Seventy years ago, on September 23, 1943, German forces and their helpers charged into the Vilna ghetto and deported the last Jewish residents to camps and mass murder sites. Out of 80,000 Jewish residents of the city, it is estimated that only 600 survived the Holocaust.
Every year on this date, gatherings are held all over the world to mark the liquidation of the Vilna ghetto. This year, in honor of the 70th anniversary of the ghetto, the city of Vilnius – now the capital of the post-Soviet nation of Lithuania – is planning to host numerous events. It is the most extensive program of commemoration the city has ever planned in honor of this solemn occasion.

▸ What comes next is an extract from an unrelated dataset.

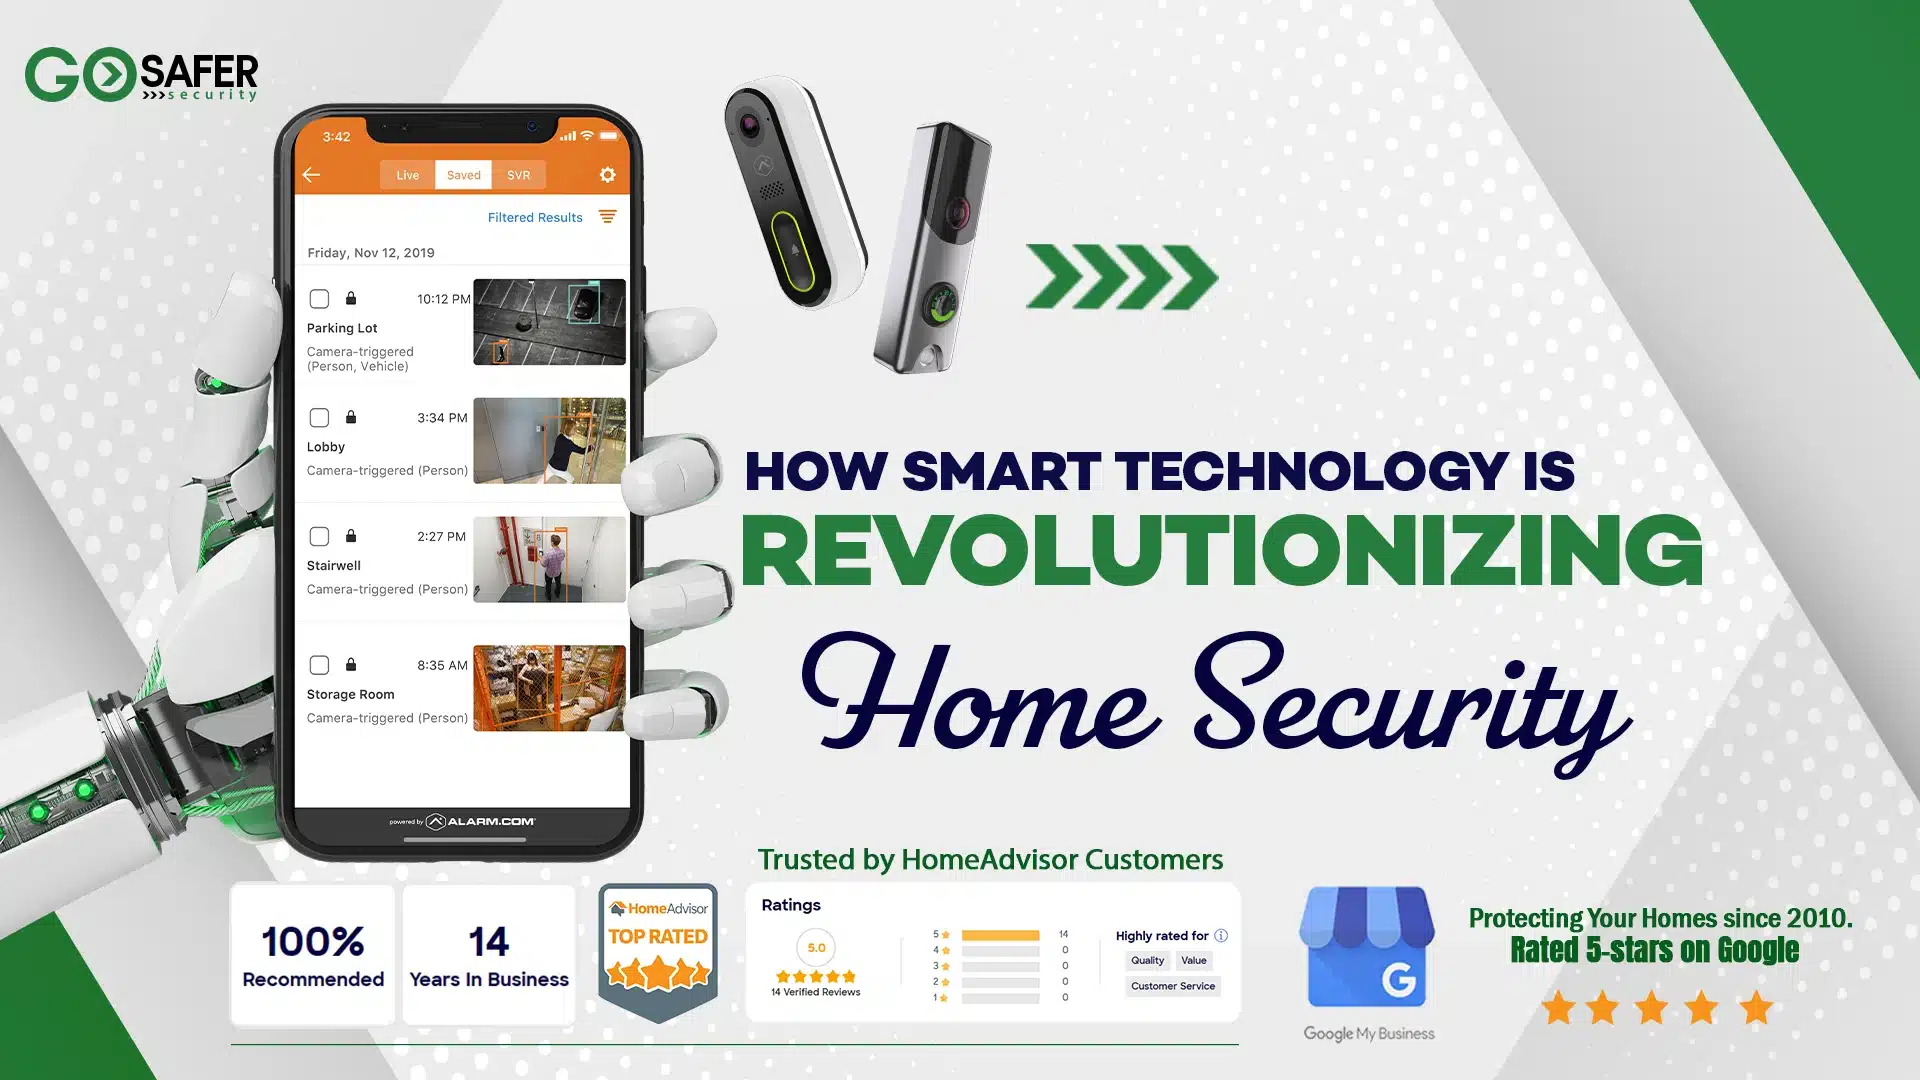 How Smart Technology is Revolutionizing Home Security

On a recent visit to the land of my Jewish ancestors, I walked through streets that once thronged with Jews, Poles, Russians, Belarussians, and Lithuanians. And I wondered: What are the prospects for Jewish remembrance in this place that is now home to only 2,000 Jews? Can Vilnius remember Vilna?
“You are a dark amulet set in Lithuania,” Moyshe Kulbak wrote in his poem “Vilna.” “You are a psalm, spelled in clay and in iron, each stone a prayer; a hymn every wall.”

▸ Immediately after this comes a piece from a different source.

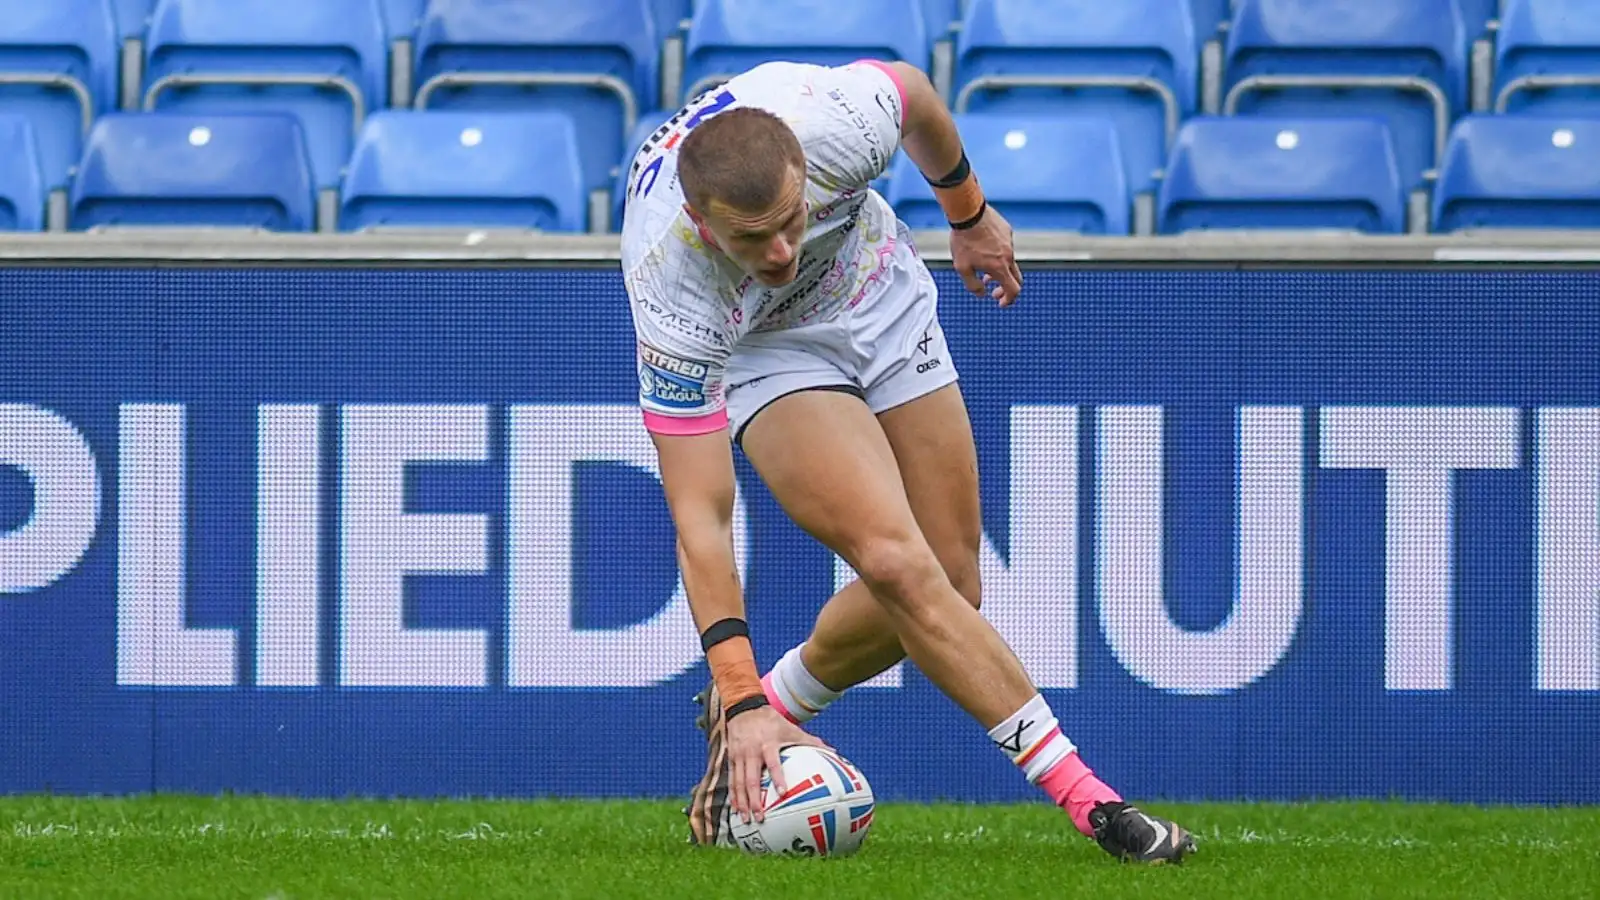 Rohan Smith praises ‘brave’ Leeds Rhinos star after strong display: ‘He carries the ball hard’

On the street that is still called Žydų gatvė (Jewish Street), I remembered the classic rhapsodic ode addressed to the city. “You are a dark amulet set in Lithuania,” Moyshe Kulbak wrote in his poem “Vilna.” “You are a psalm, spelled in clay and in iron, each stone a prayer; a hymn every wall.”
Indeed, I could sense the layers of antiquity in this place. It felt like holy ground.
In connection with the release of the Lithuanian edition of my book, “We Are Here: Memories of the Lithuanian Holocaust,” I had the privilege of speaking to students at several Vilnius high schools, including the Sholom Aleichem High School.
I was encouraged by the students’ earnest, heart-felt questions. “Why did the Holocaust happen?” they asked. “What is the best way to fight racism? What do we need to do to make sure this tragic story never happens again?”
Anti-Semitism is by no means absent in Lithuania today. I have seen swastikas. Right-wing nationalists are influential in Lithuanian politics. Critics find plenty to criticize in the actions and inactions of the Lithuanian government.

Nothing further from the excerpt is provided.